> Assignment
For this exercise, copy exactly only the lines from the one containing "A Man In A Vest And Tie" to the final line of the material below, without the pictures.

> Dataset extract
'''
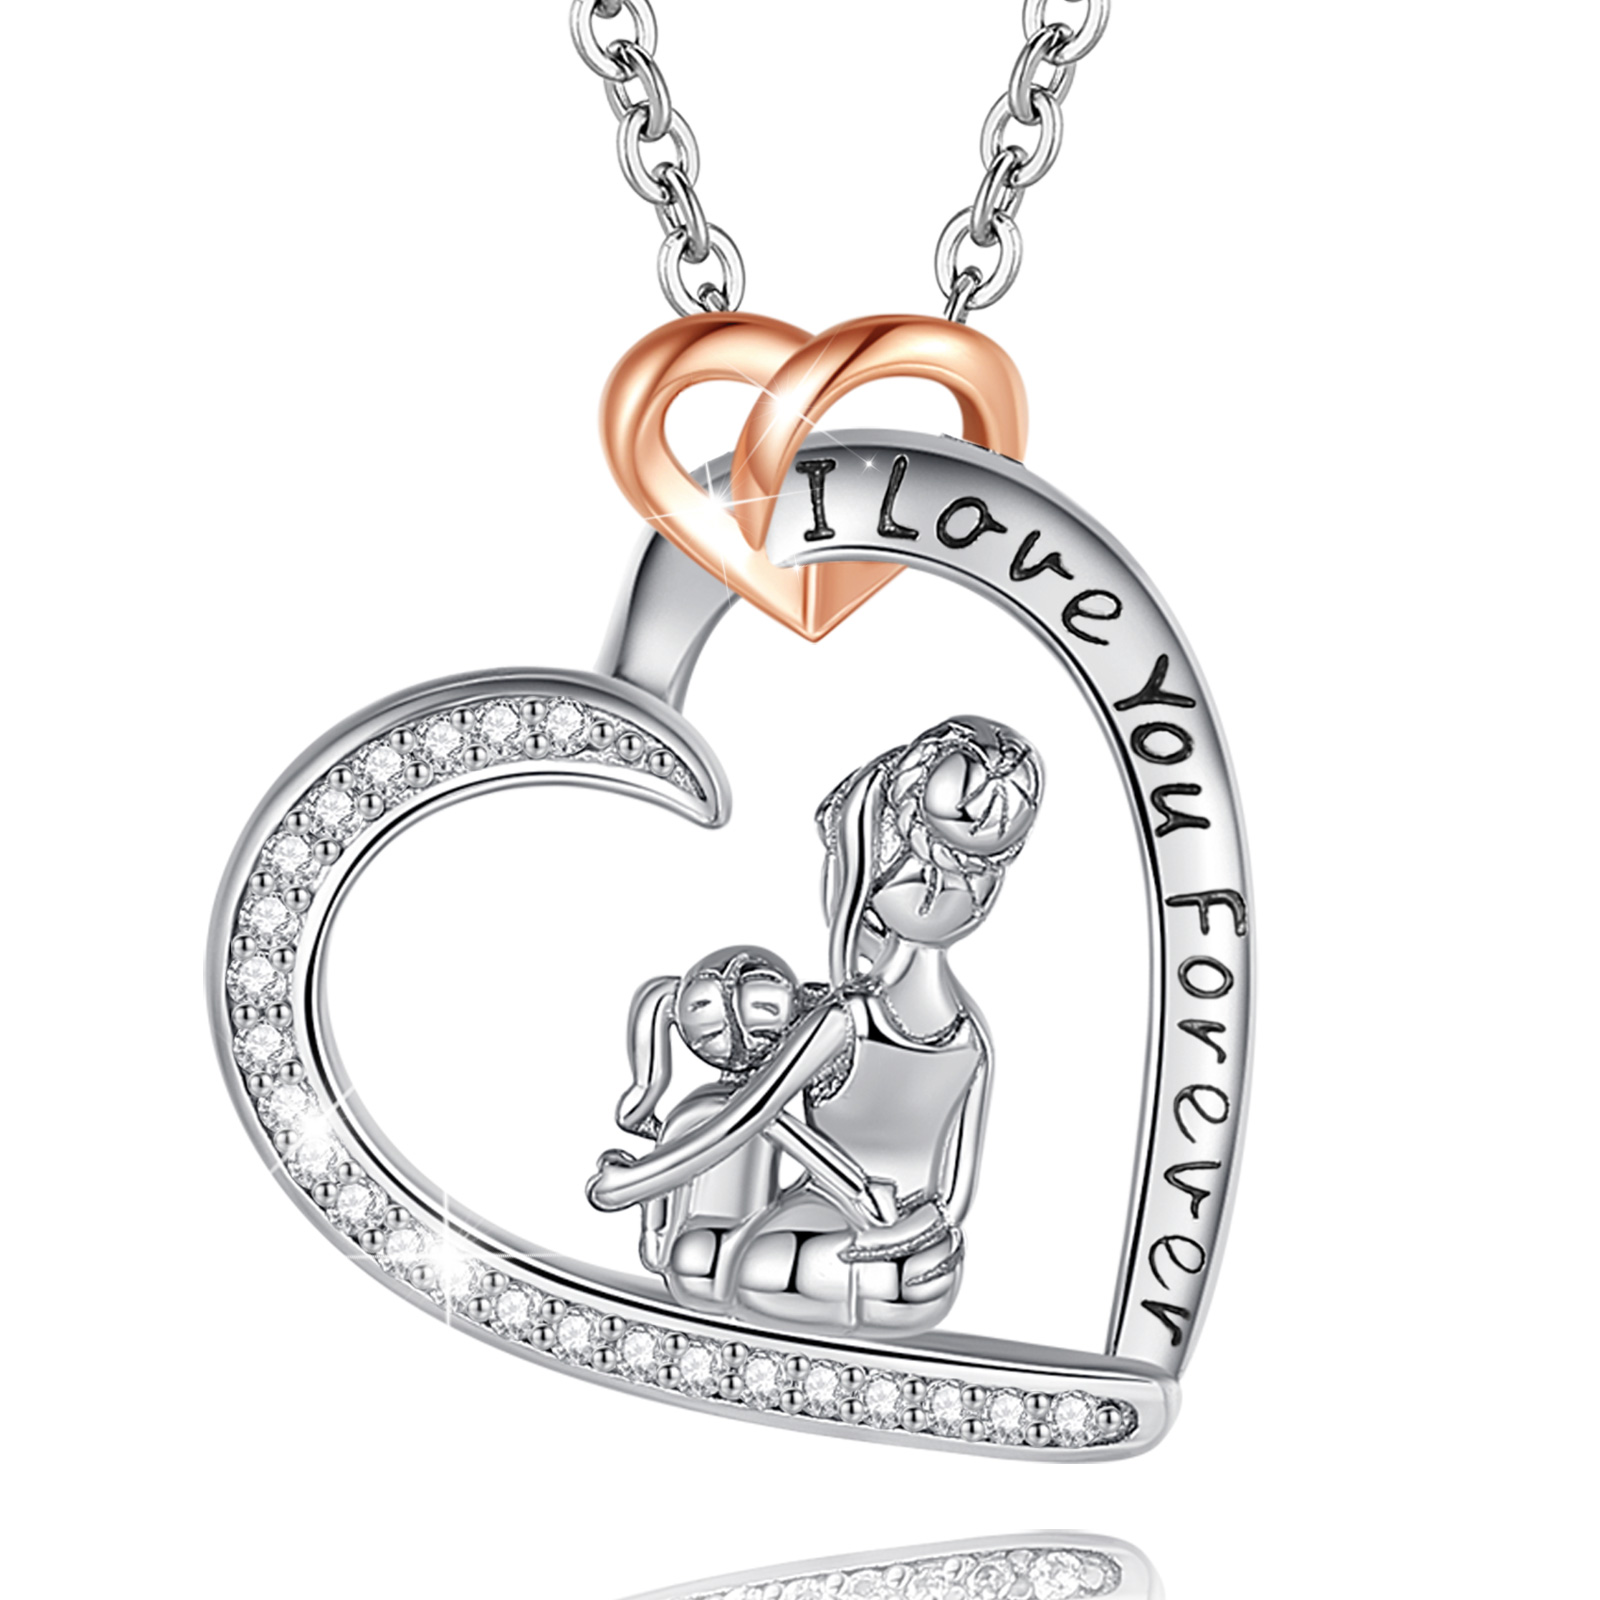 Merryshine Jewelry S925 Sterling Silver CZ Mom and Daughter Heart Necklace for Mother's Day Gift
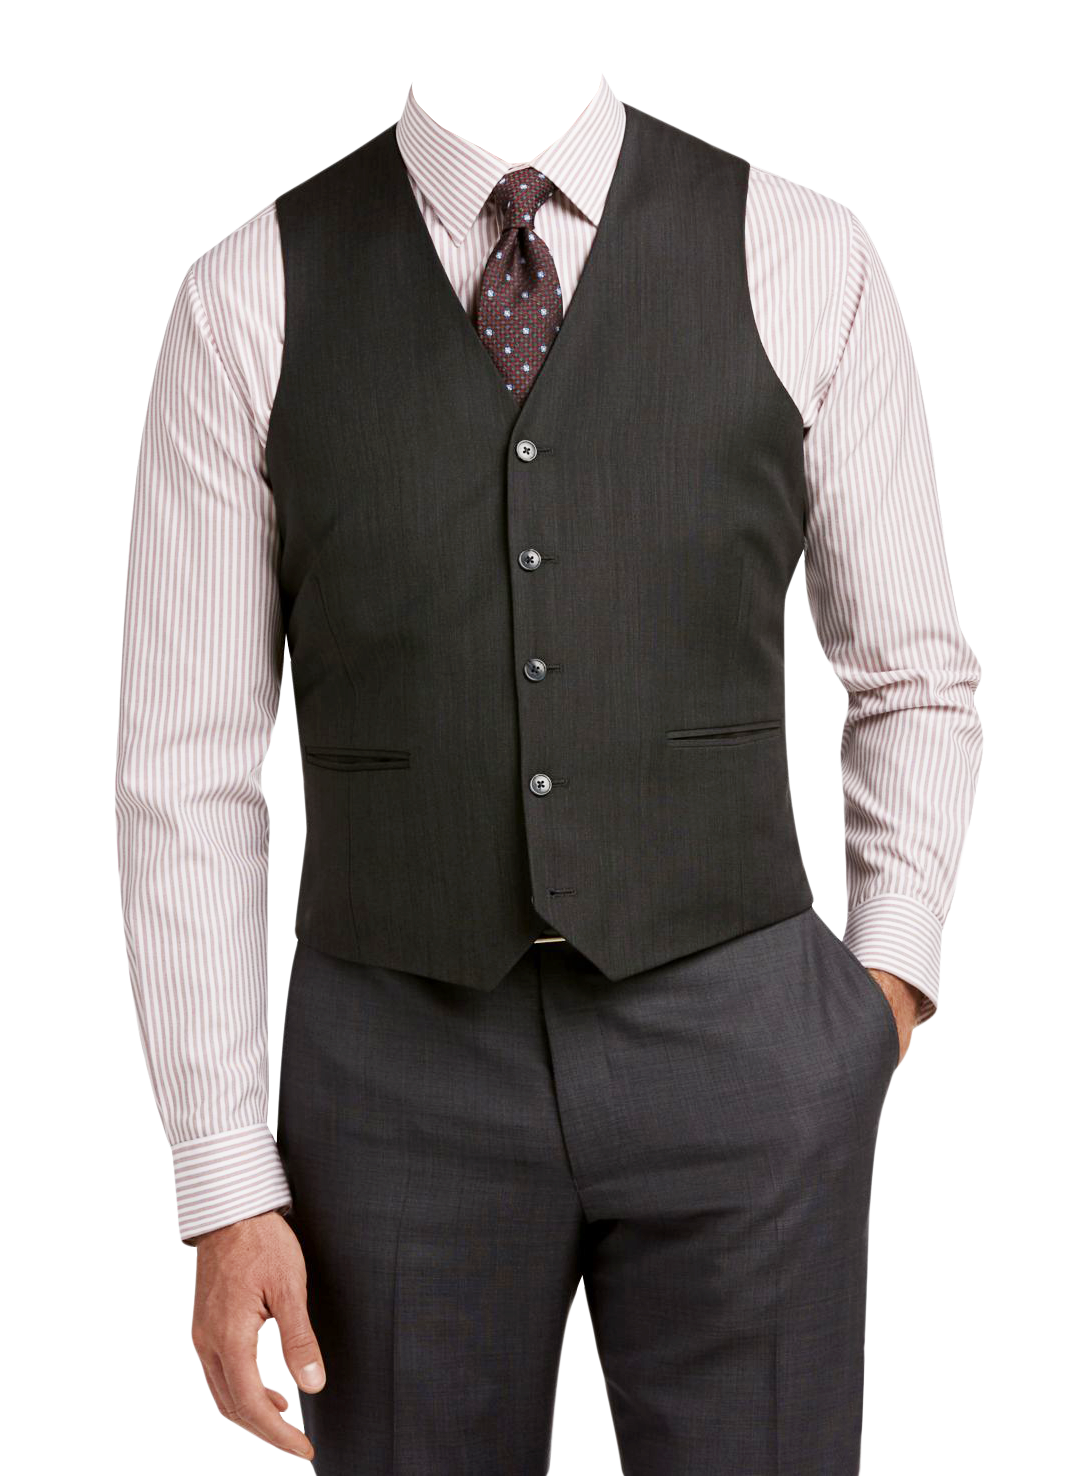 A Man In A Vest And Tie
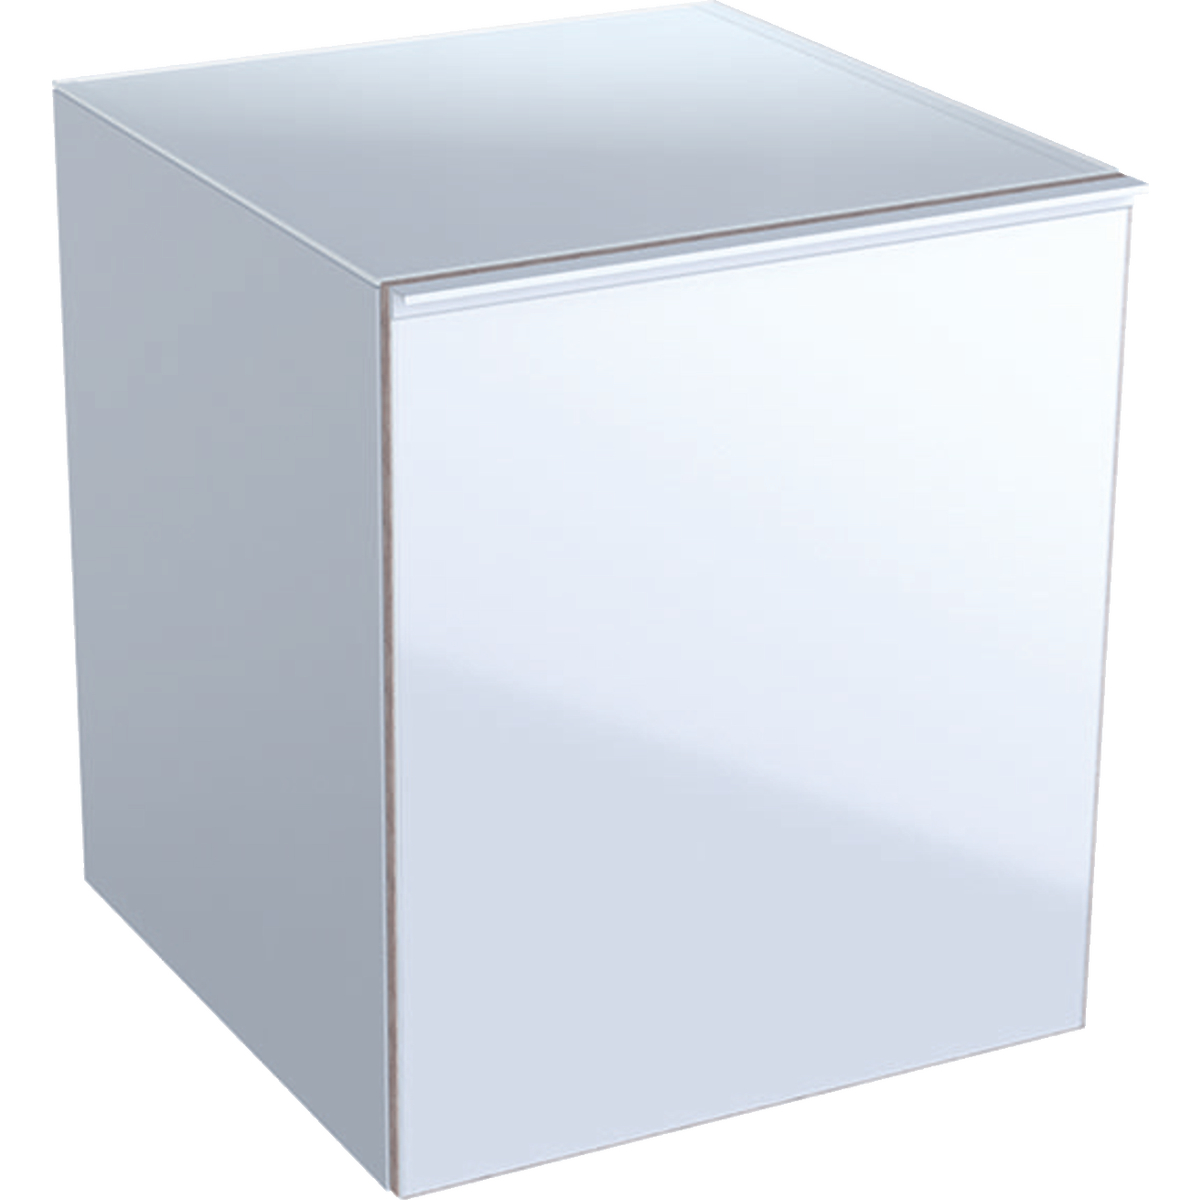 Geberit 500618012 Acanto Low Side Unit with Drawer - White
'''
> Your response
 A Man In A Vest And Tie
 Geberit 500618012 Acanto Low Side Unit with Drawer - White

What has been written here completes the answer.